И молвил: «Кто ж из нас вперед

Владеть его душою будет?»

Старинная легенда


Чтобы предстать перед королем, Сен-Мару пришлось сесть на коня одного из кавалеристов, раненых в стычке, ибо своего он лишился у подножья крепостной стены. Выход двух отрядов через брешь потребовал довольно много времени, и они все еще шли и шли, когда Сен-Мар почувствовал, что кто-то коснулся его плеча; обернувшись, он увидел старика Граншана, который держал под уздцы прекрасную пегую лошадь.

— Соблаговолите, ваше сиятельство, сесть на собственного коня,— сказал он.— Я надел на него седло и бархатный чепрак, расшитый золотом, которые подобрал во рву. Подумать только — ведь их мог захватить какой-нибудь испанец или даже француз: в наши дни развелось немало людей, которые хватают все, что попадется под руку, как свою собственность, да и недаром говорят: «Что с возу упало — то солдату в руки попало». Они могли бы утащить и четыреста золотых экю, которые ваше сиятельство,— не в укор будь сказано,— забыли в седельных кобурах. А пистолеты-то, да еще какие пистолеты! Я их купил давным-давно в Германии, а они все такие же исправные, и спуск работает не хуже, чем в день покупки. Хватит и того, что убили бедного вороного, который был родом из Англии,— это также верно, как то, что я родом из Тура в Турени; зачем же было бросать такие ценные вещи, ведь они могли достаться неприятелю.

Причитая таким образом, Граншан сам тем временем кончал седлать пегого коня; отряды выходили медленно, и слуга, пользуясь этим, тщательно проверял шпеньки на каждой пряжке седла и длину подпруг, что не мешало ему продолжать свои рассуждения.
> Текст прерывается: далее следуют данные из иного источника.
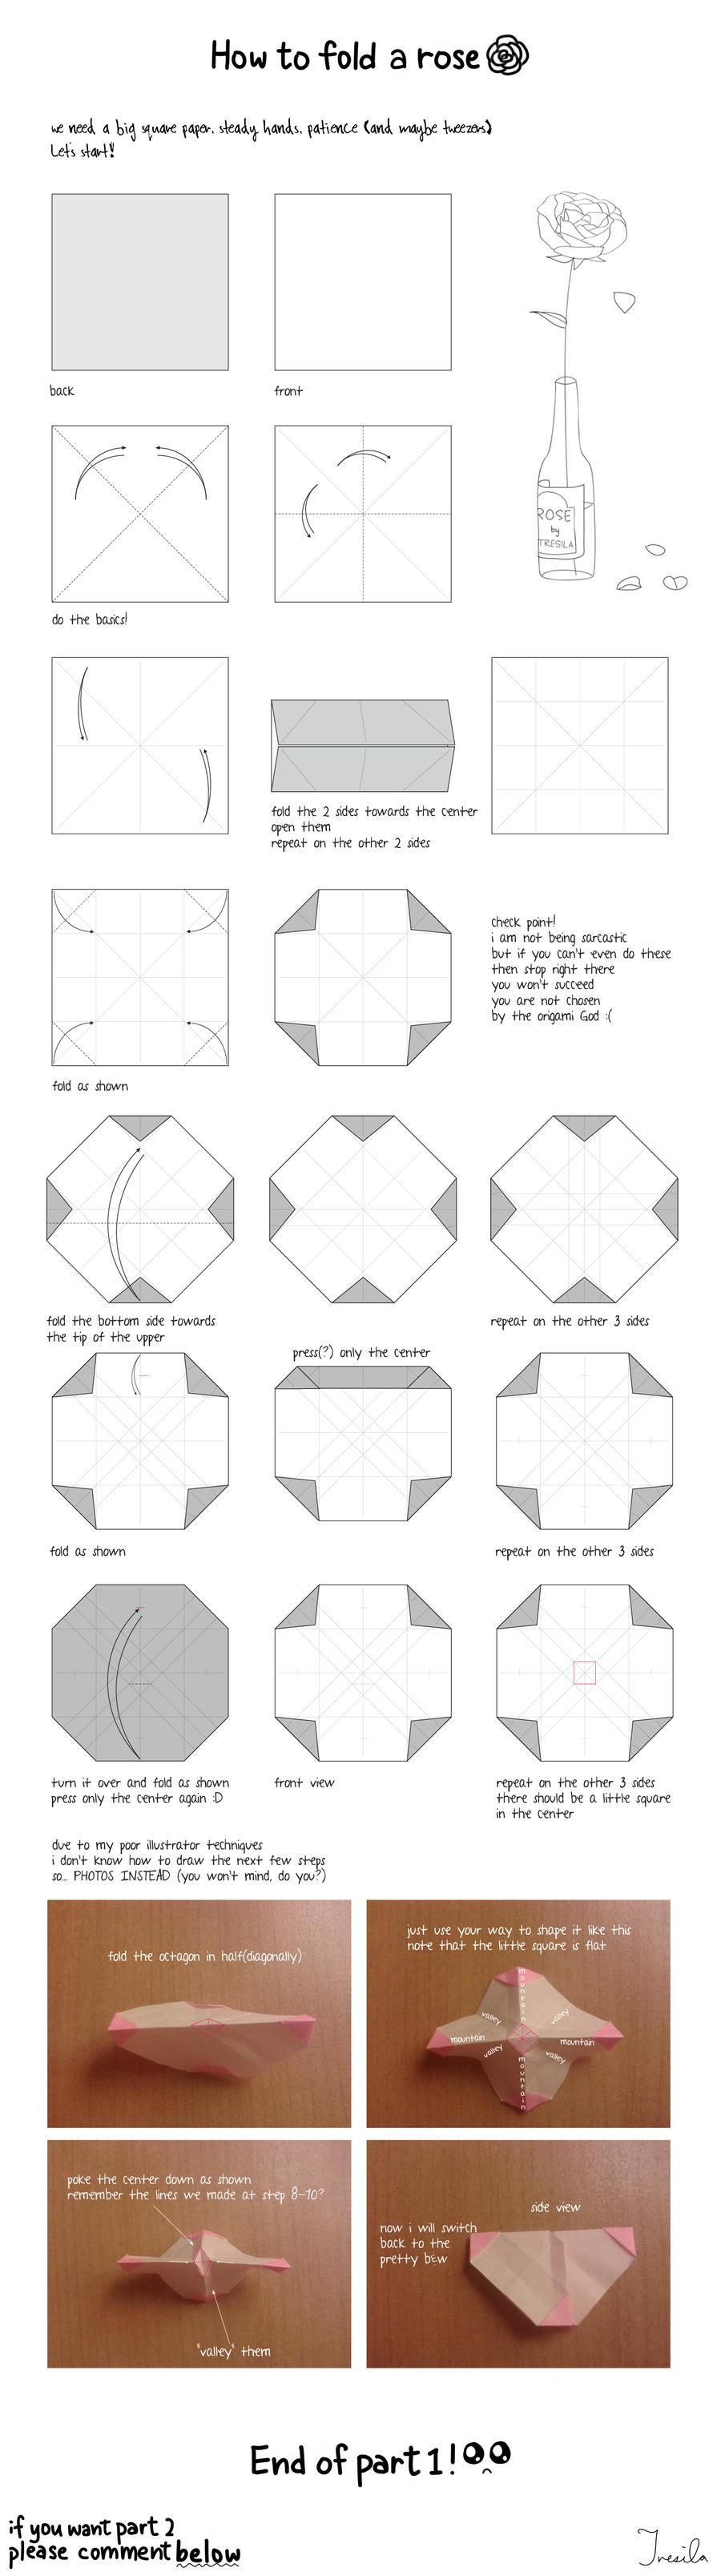 kawasaki rose tutorial part 1 by sandra 1987 on deviantart rh deviantart com new kawasaki rose diagram Origami Kawasaki Rose
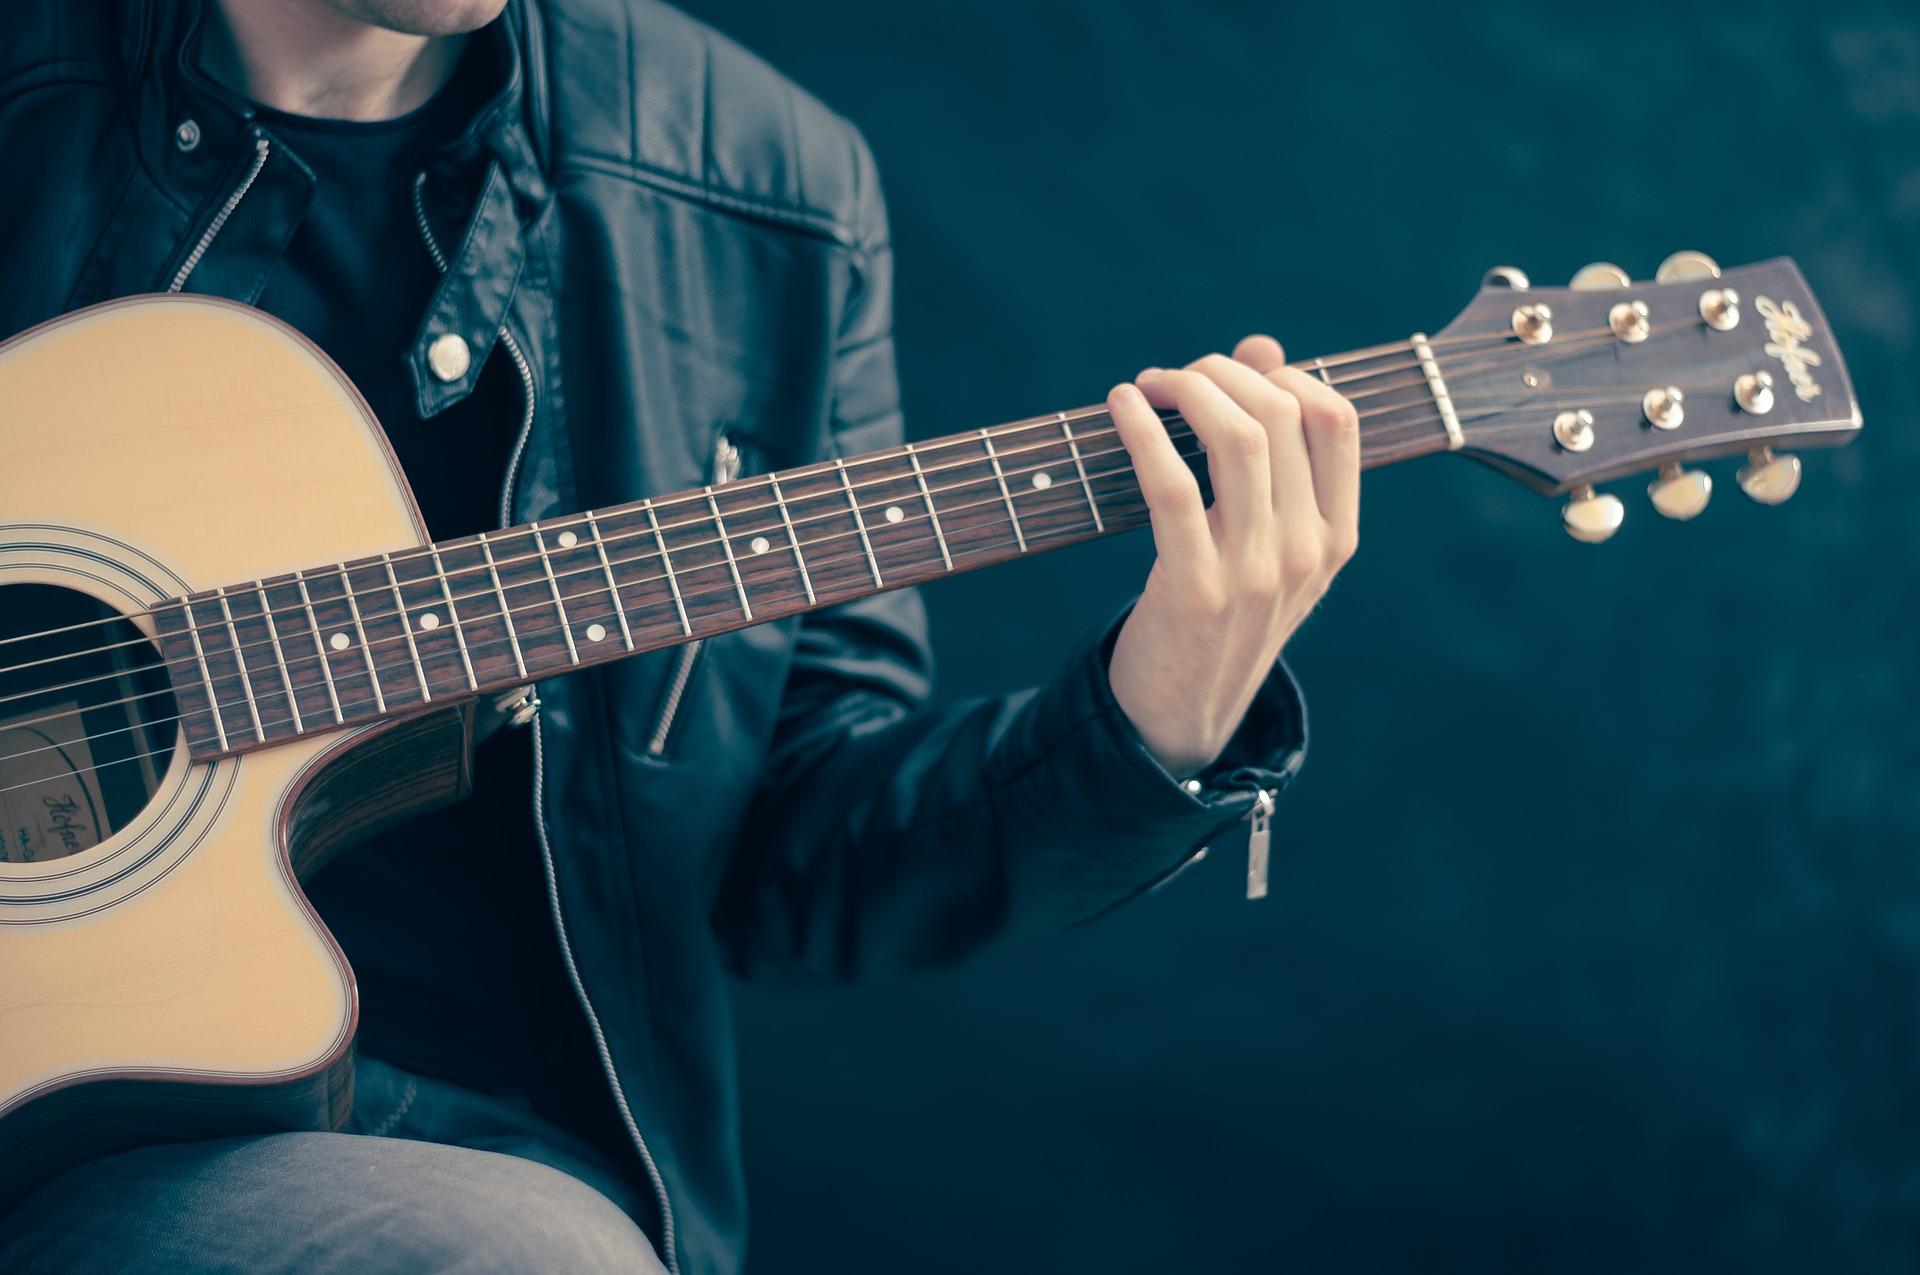 guitar-756326_1920_1557880638732.jpg

— Простите, сударь, я немножко замешкался, да дело в том, что я чуточку попортил себе руку, когда поднимал господина де Ту, а господин де Ту поднимал ваше сиятельство после того, как вы все свалились.

— Как? Ты и там был, старый дурак! — сказал Сен-Мар.— Это не твоя забота; я тебе приказывал оставаться в лагере.

— Ну, насчет того, чтобы оставаться в лагере, так это не в моих правилах; когда раздается выстрел, мне во что бы то ни стало надо видеть его вспышку, иначе я захвораю. А что касается моих забот, сударь, то в том они и заключаются, чтобы позаботиться о ваших конях, а вы сейчас на своем коне и сидите. Неужели вы думаете, что, если бы только можно было, я не спас бы того бедного вороного, который лежит сейчас во рву? Как я любил его, сударь! Ведь этот конь три раза выходил победителем на скачках. Всякий, кто любил его, как я, скажет, что мало ему no-жилось на свете. Он не принимал овес ни от кого другого, кроме как от своего друга Граншана, и каждый раз ласкался ко мне,— в доказательство этому кончика левого уха у меня не хватает,— это он, бедняга, откусил мне его однажды; но он не хотел причинить мне зла, — наоборот. Слышали бы вы только, как сердито он ржал, когда к нему подходил кто-нибудь другой; он, милое создание, Жану ногу из-за этого переломил; как я любил его! А когда он упал, я старался одной рукой поддержать его, а другой — господина де Локмариа. Сначала я было подумал, что и он и всадник поднимутся; но, к несчастью, из них только один очнулся, и как раз тот, которого я меньше знал. Вы, кажется, посмеиваетесь над тем, что я говорю о вашем коне, сударь; но вы забываете, что на войне лошадь — душа всадника, да, сударь, душа; ибо что особенно устрашает пехоту? Конница! И, уж конечно, не человек, которого сбрось только — и он все равно что сноп сена. Кто действует так, что все любуются? Опять-таки конь! И хоть иной раз хозяину и хотелось бы быть где-нибудь подальше, а все же, благодаря коню, он оказывается победителем и награду получает, а бедной скотине одни только удары достаются. Кто берет призы на скачках? Опять-таки конь, хоть он после этого даже и не поест получше, зато хозяин его кладет себе золото в карман, да все друзья ему завидуют, и важные господа уважают, как будто он сам скакал. Кто гонится за косулей и не получает ни кусочка ее мяса? Опять-таки лошадь. А случается, что и ее самое, беднягу, съедят. Однажды в походе с господином маршалом и мне случилось… Но что это с вами, ваше сиятельство? Вы побледнели…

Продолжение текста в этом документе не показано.